Effect size is a quantitative measure of the magnitude of a phenomenon. Unlike p-values, which tell us the probability of observing our data if the null hypothesis were true, effect sizes tell us the strength or magnitude of the relationship or difference we’ve found.
Effect sizes serve several critical purposes:
There are many types of effect sizes, each appropriate for different statistical tests and research designs.

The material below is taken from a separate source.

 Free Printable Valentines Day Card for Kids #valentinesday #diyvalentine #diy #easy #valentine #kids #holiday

Used for comparing two groups (t-tests), Cohen’s d expresses the difference between means in standard deviation units:
\[ d = \frac{\bar{X}_1 - \bar{X}_2}{s_{\text{pooled}}} \]
where \(\bar{X}_1\) and \(\bar{X}_2\) are the group means, and \(s_{\text{pooled}}\) is the pooled standard deviation:
\[ s_{\text{pooled}} = \sqrt{\frac{(n_1 - 1)s_1^2 + (n_2 - 1)s_2^2}{n_1 + n_2 - 2}} \]

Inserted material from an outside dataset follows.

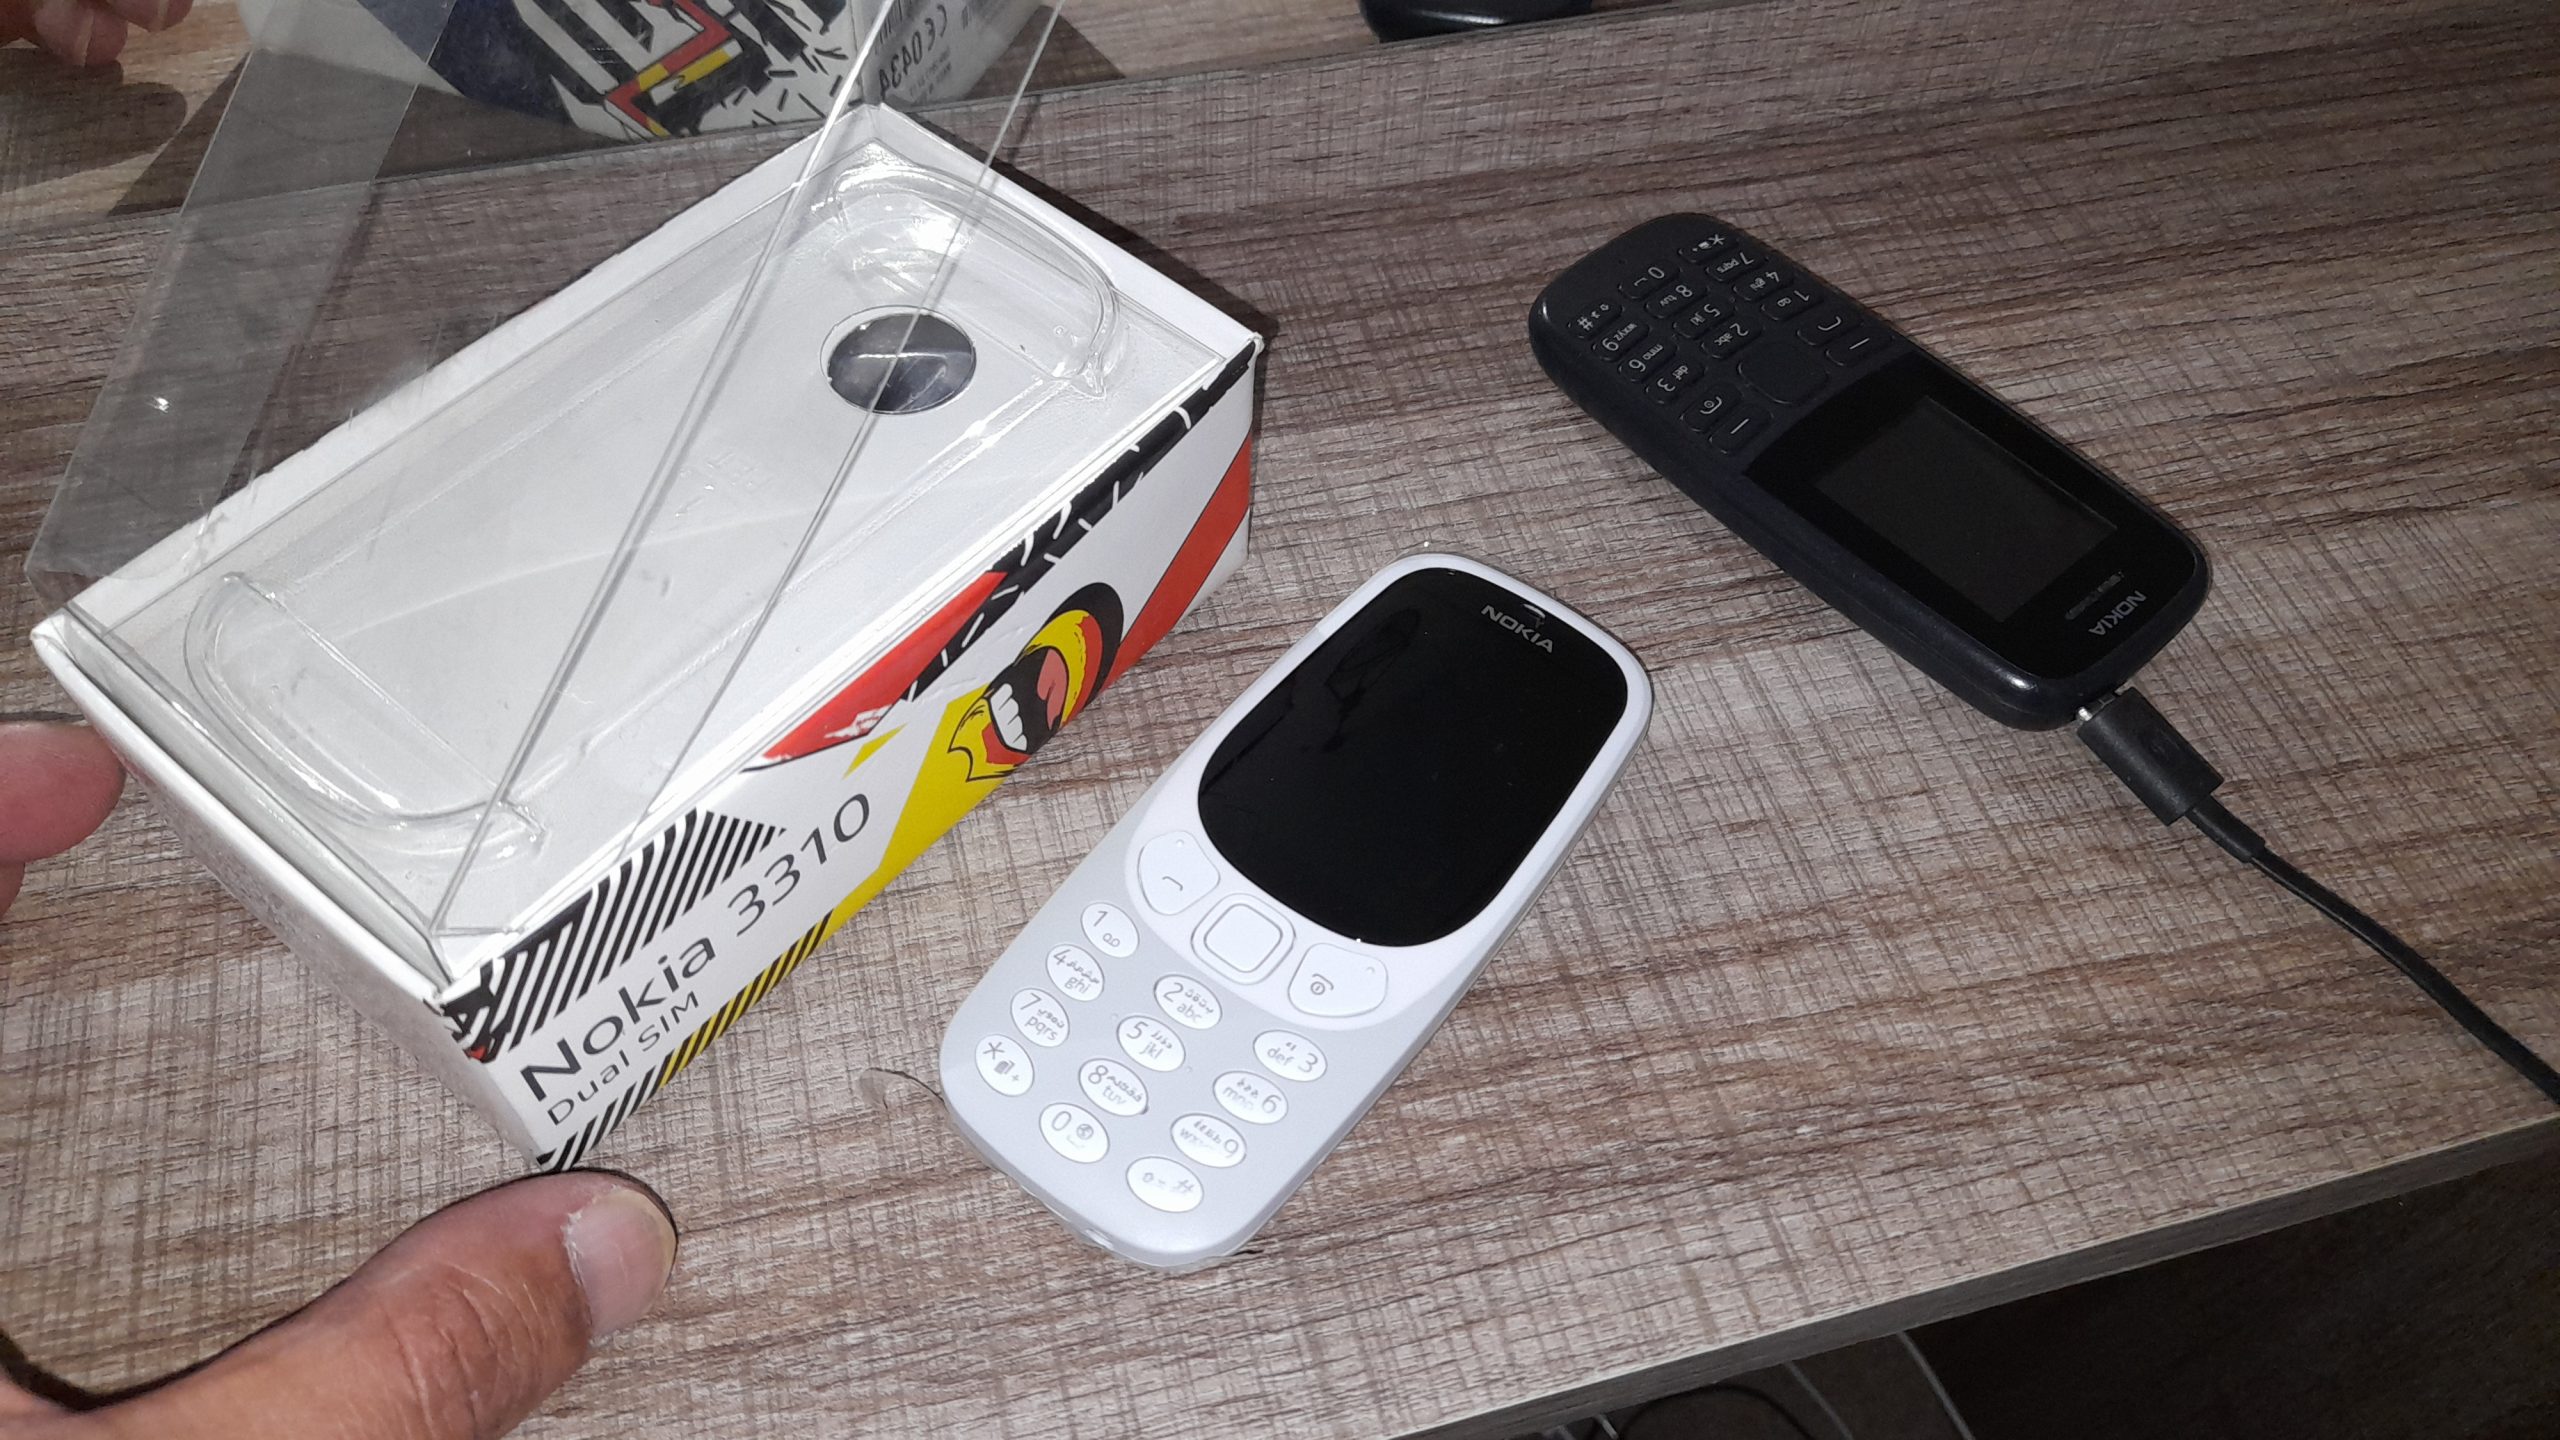 Nokia 3310 for sale – Brand New

Cohen’s interpretation guidelines: - Small effect: \(|d| = 0.2\) - Medium effect: \(|d| = 0.5\) - Large effect: \(|d| = 0.8\)
Used in ANOVA contexts, eta-squared represents the proportion of total variance explained by a factor:
\[ \eta^2 = \frac{SS_{\text{effect}}}{SS_{\text{total}}} \]
Partial eta-squared represents the proportion of variance explained controlling for other factors:
\[ \eta_p^2 = \frac{SS_{\text{effect}}}{SS_{\text{effect}} + SS_{\text{error}}} \]
Interpretation guidelines for η²: - Small effect: 0.01 - Medium effect: 0.06 - Large effect: 0.14
A less biased estimate than eta-squared, omega-squared adjusts for sample size:
\[ \omega^2 = \frac{SS_{\text{effect}} - (df_{\text{effect}})(MS_{\text{error}})}{SS_{\text{total}} + MS_{\text{error}}} \]
Used in regression, R² represents the proportion of variance in the dependent variable explained by the model:
\[ R^2 = 1 - \frac{SS_{\text{residual}}}{SS_{\text{total}}} \]
Pearson’s r itself serves as an effect size, representing the strength of linear association:
\[ r = \frac{\sum(X_i - \bar{X})(Y_i - \bar{Y})}{\sqrt{\sum(X_i - \bar{X})^2 \sum(Y_i - \bar{Y})^2}} \]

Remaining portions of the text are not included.